WHAT THIS TASK INVOLVES: Although the data below contains pictures, output only the lines between those holding "Residents at Candlestone" and "wooden box with", inclusive, exactly and without those pictures.

++++ DATA EXTRACT ++++

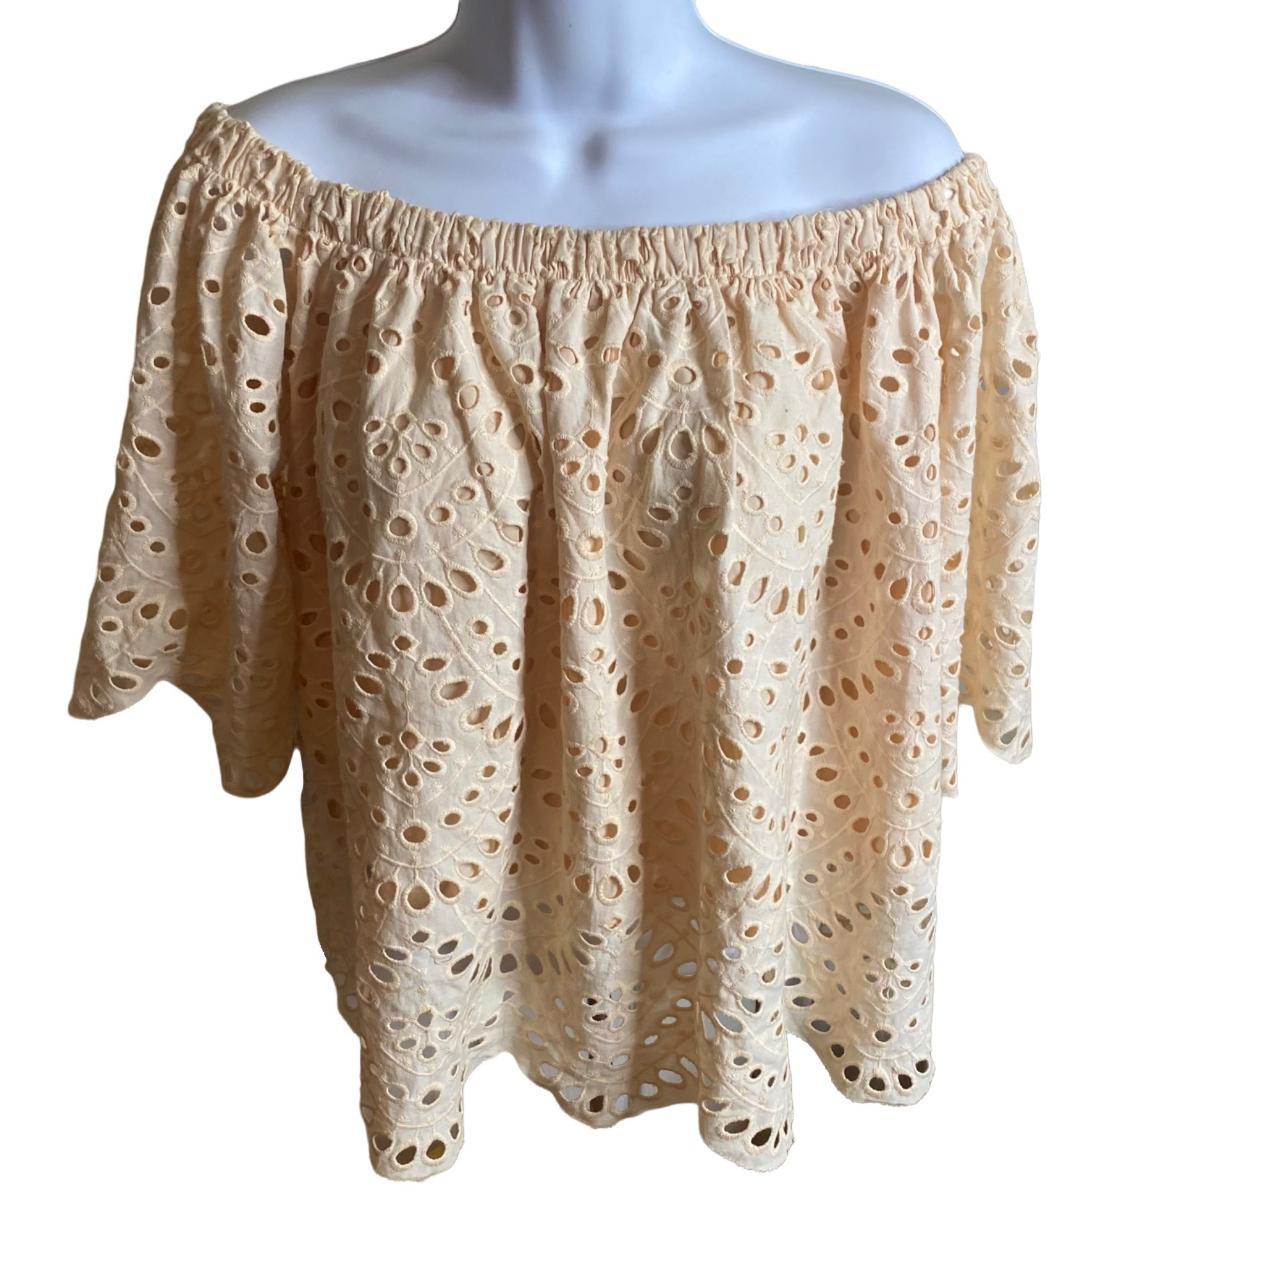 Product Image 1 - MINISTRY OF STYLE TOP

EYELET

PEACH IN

++++
++++ DATA EXTRACT ++++

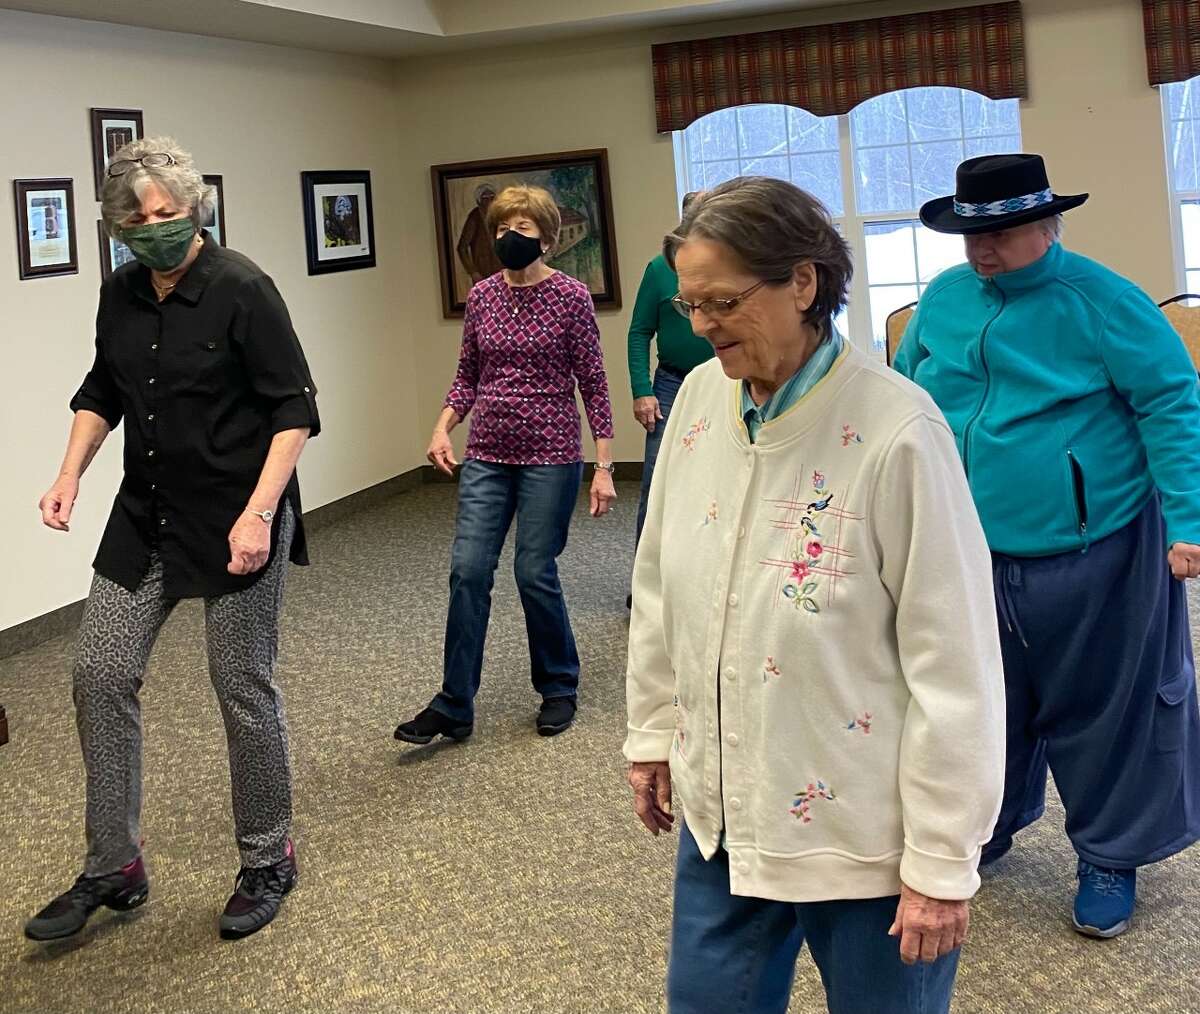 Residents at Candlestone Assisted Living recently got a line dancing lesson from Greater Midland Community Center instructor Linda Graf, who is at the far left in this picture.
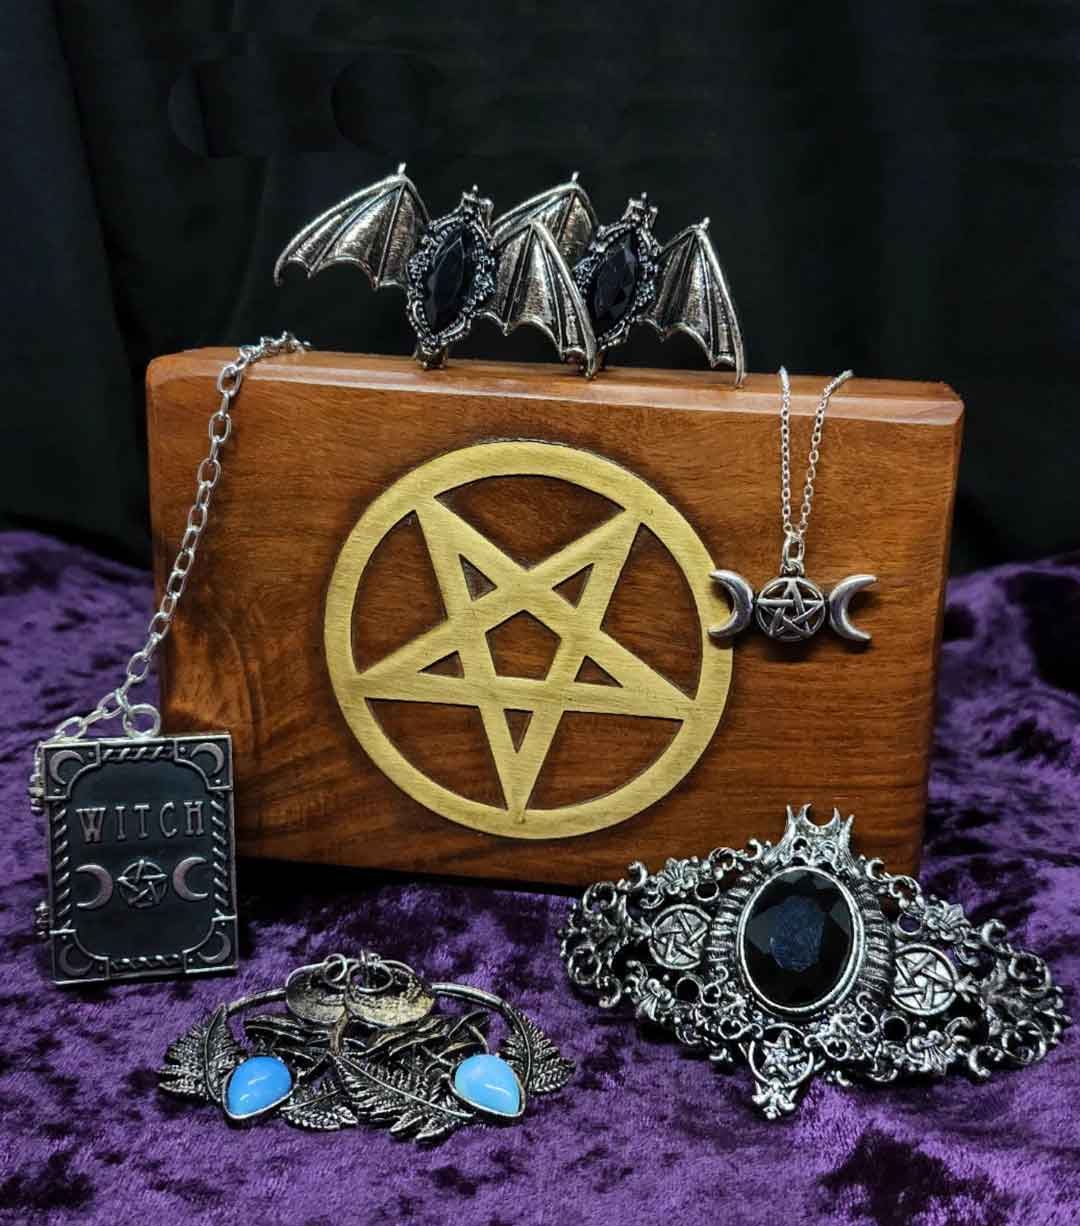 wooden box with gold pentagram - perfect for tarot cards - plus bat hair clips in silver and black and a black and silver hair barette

++++
++++ DATA EXTRACT ++++

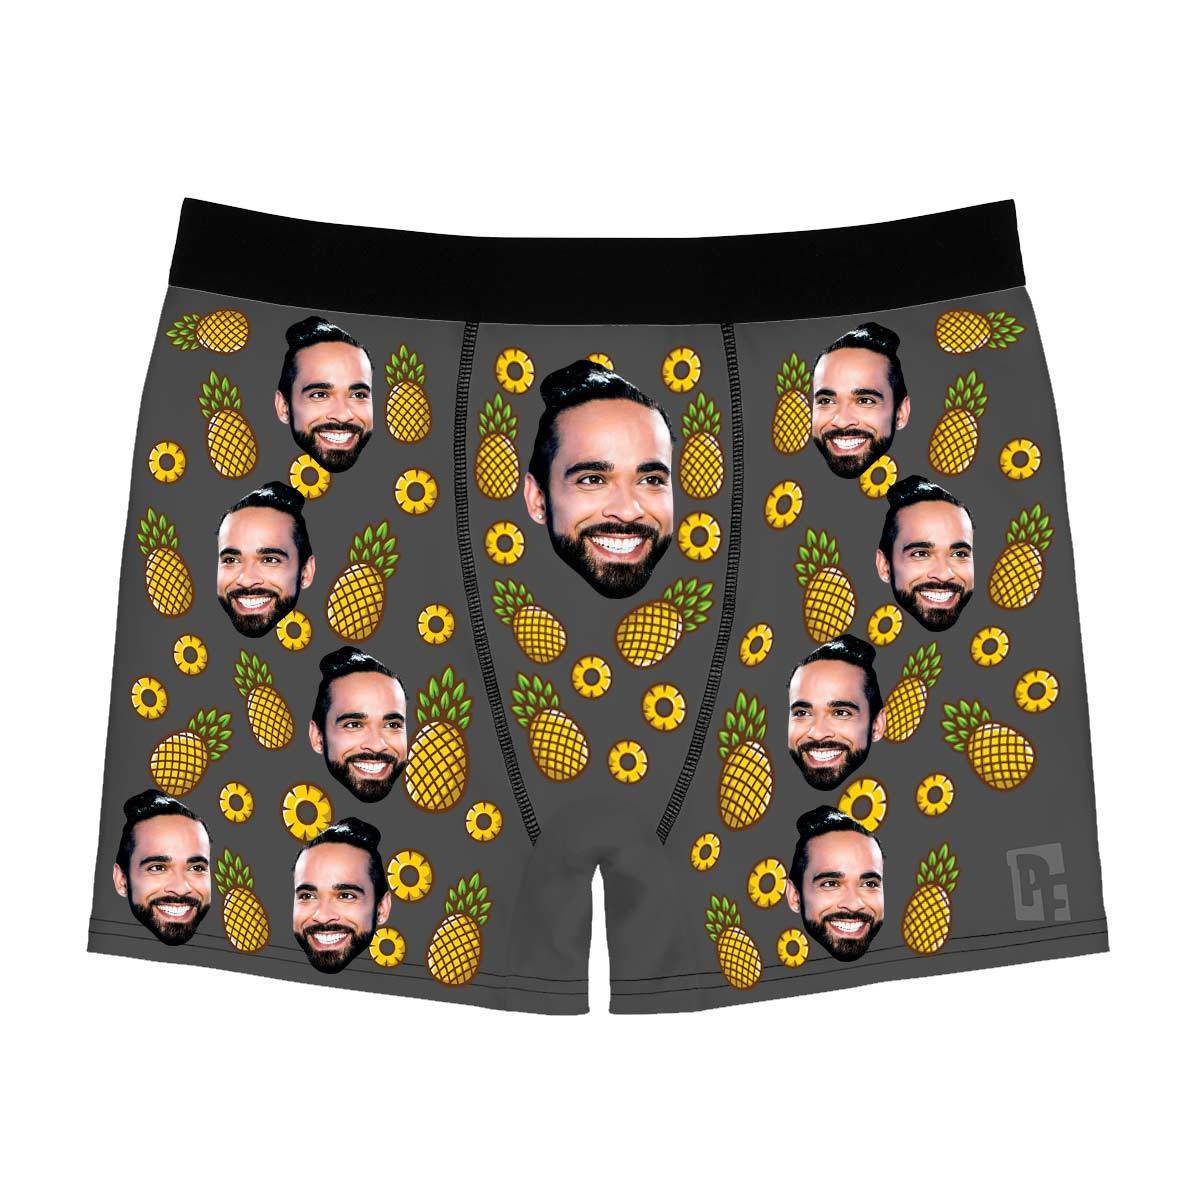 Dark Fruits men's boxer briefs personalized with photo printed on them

++++

YOUR RESPONSE:
 Residents at Candlestone Assisted Living recently got a line dancing lesson from Greater Midland Community Center instructor Linda Graf, who is at the far left in this picture.
 wooden box with gold pentagram - perfect for tarot cards - plus bat hair clips in silver and black and a black and silver hair barette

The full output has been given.